• _SUPPLIED MATERIAL_
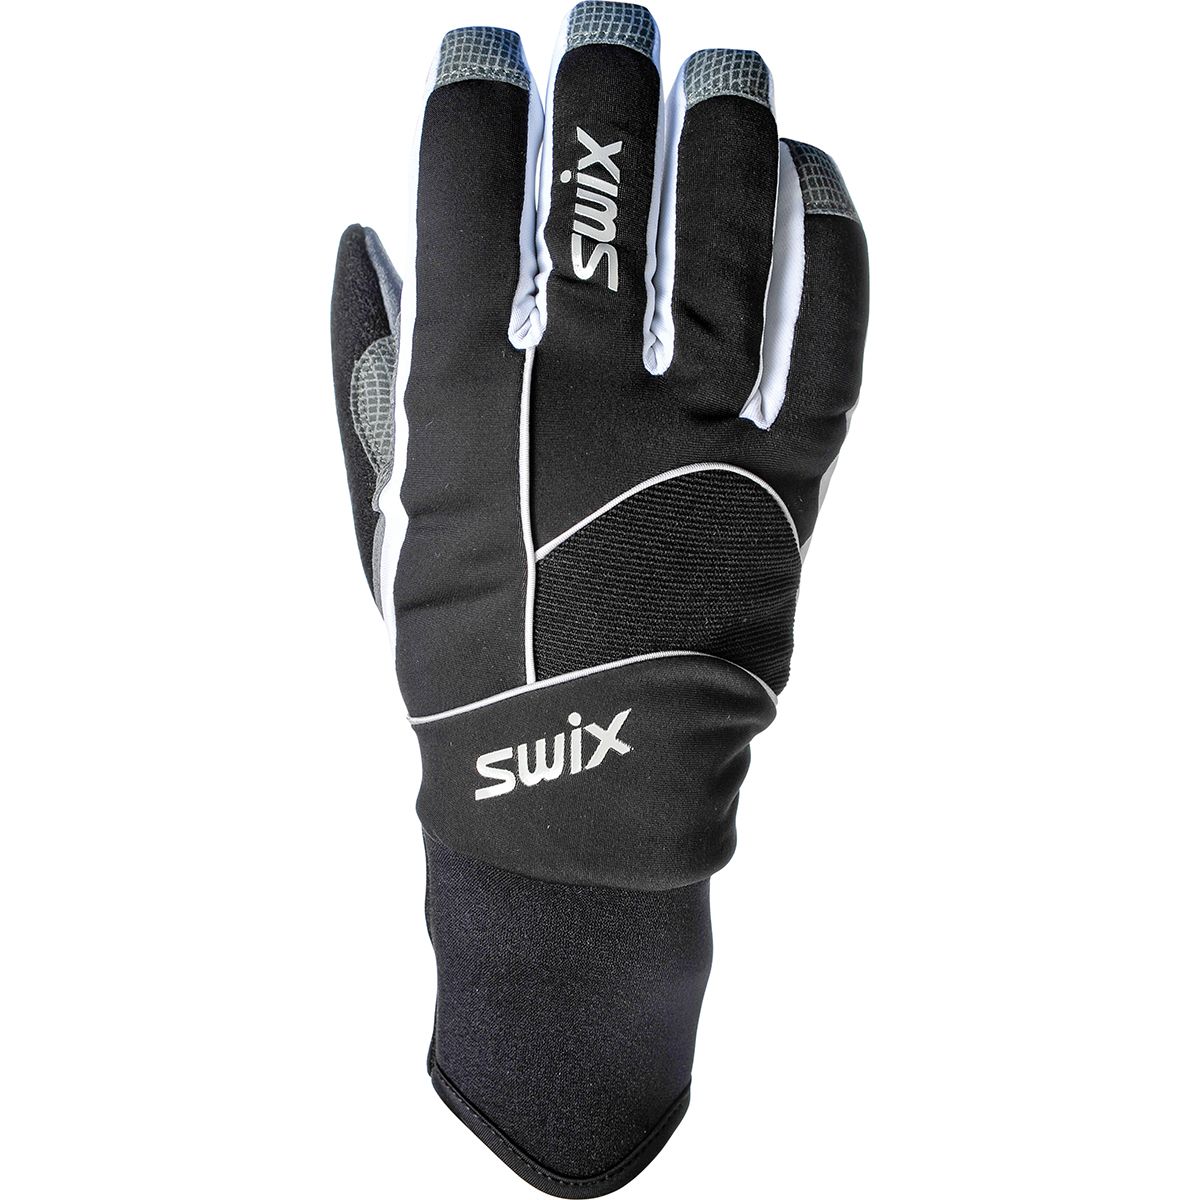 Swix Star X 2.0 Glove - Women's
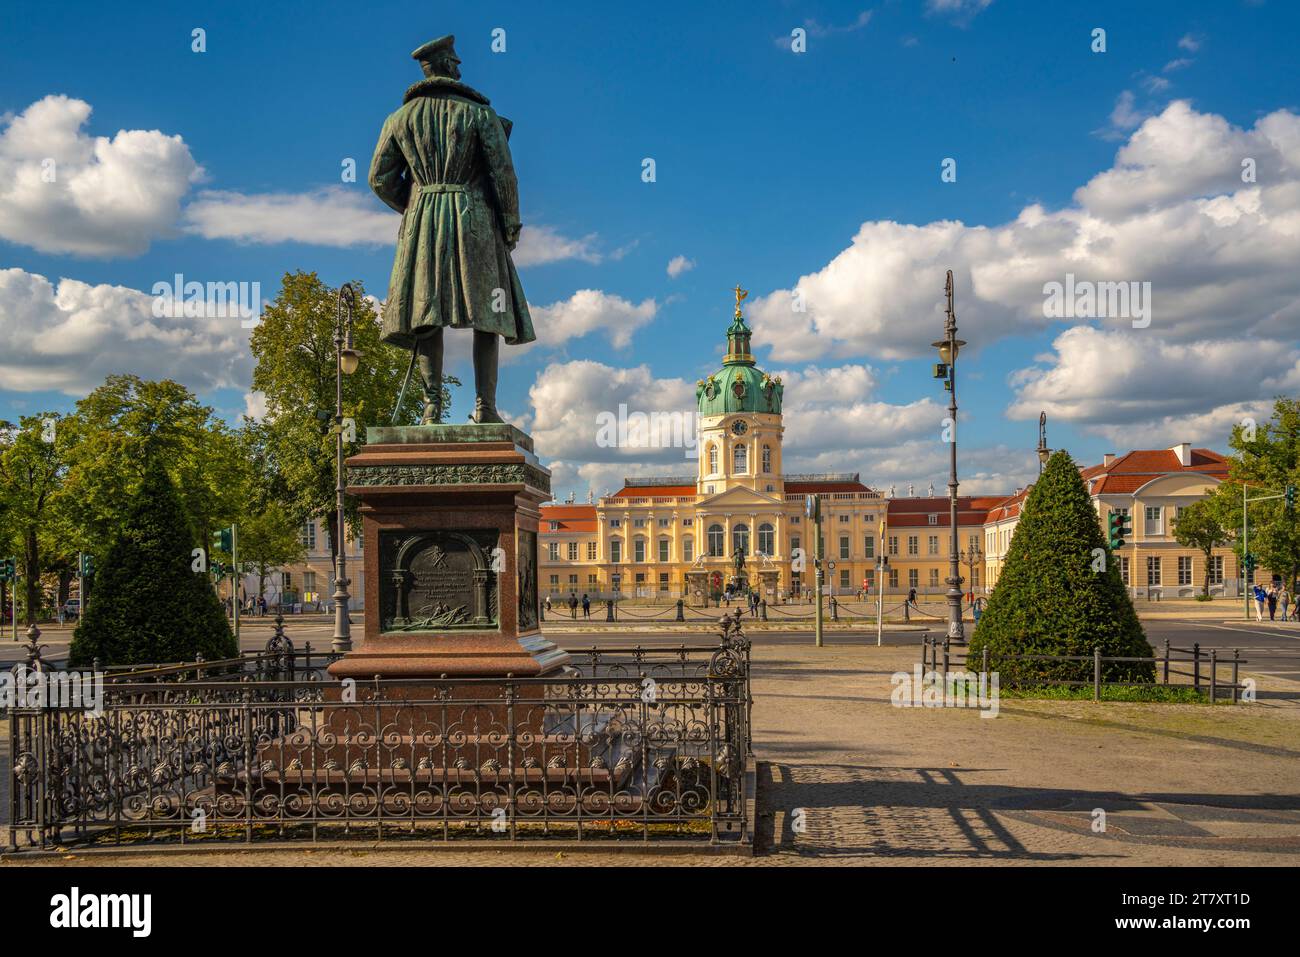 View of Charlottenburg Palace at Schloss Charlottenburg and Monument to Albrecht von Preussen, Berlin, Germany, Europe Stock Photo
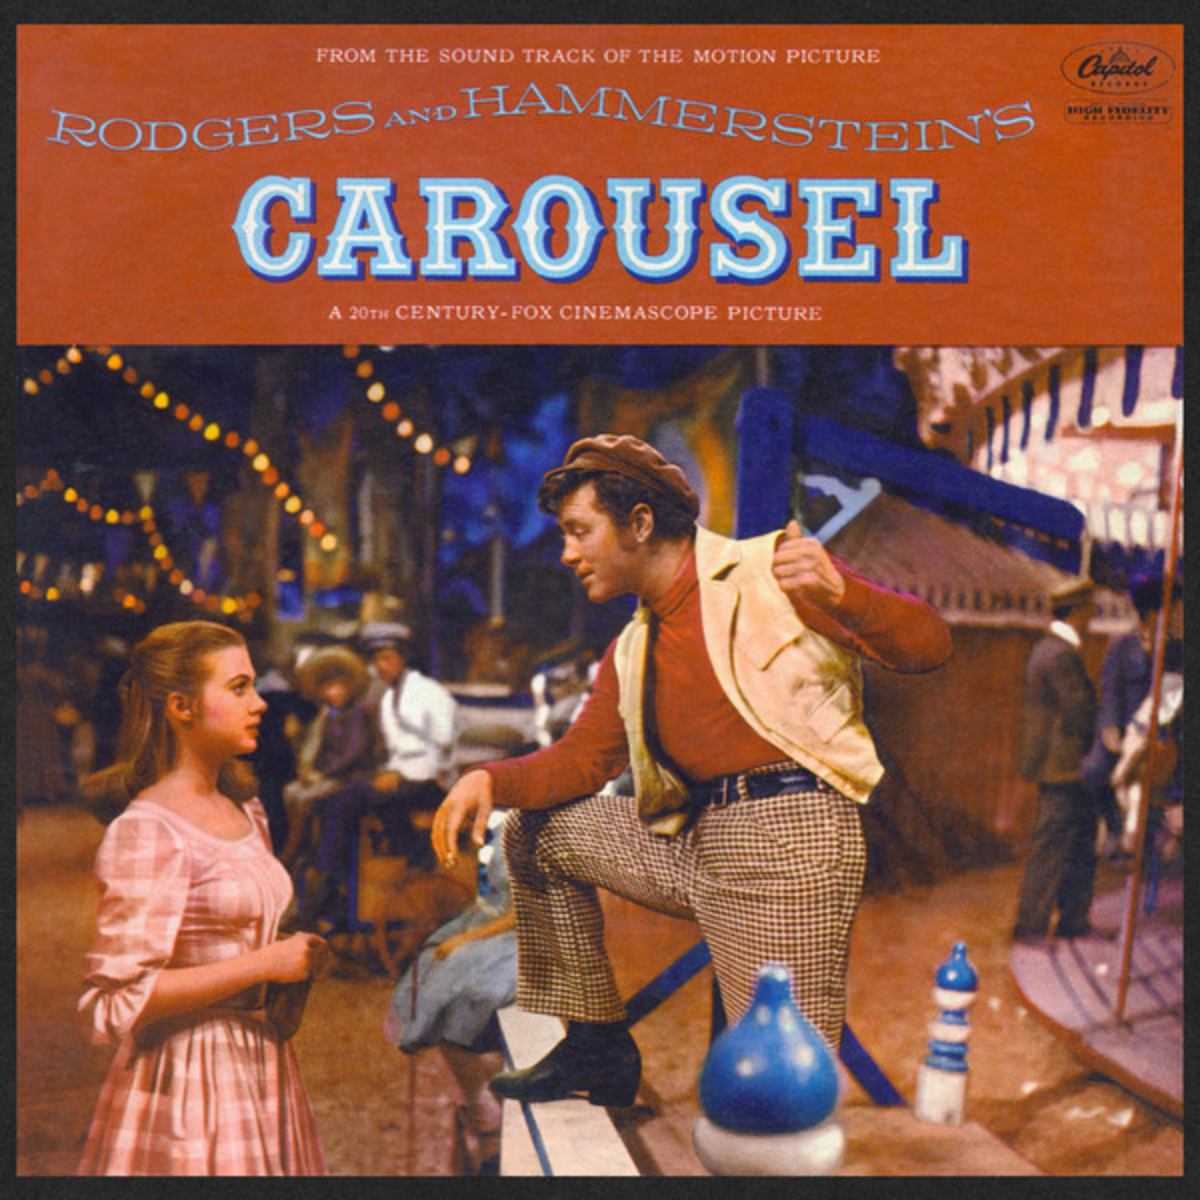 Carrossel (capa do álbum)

• _WORK INSTRUCTIONS_
The whole of the data needs to be copied word for word, though not its pictures.

• _RESPONSE BOX_
 Swix Star X 2.0 Glove - Women's
 View of Charlottenburg Palace at Schloss Charlottenburg and Monument to Albrecht von Preussen, Berlin, Germany, Europe Stock Photo
 Carrossel (capa do álbum)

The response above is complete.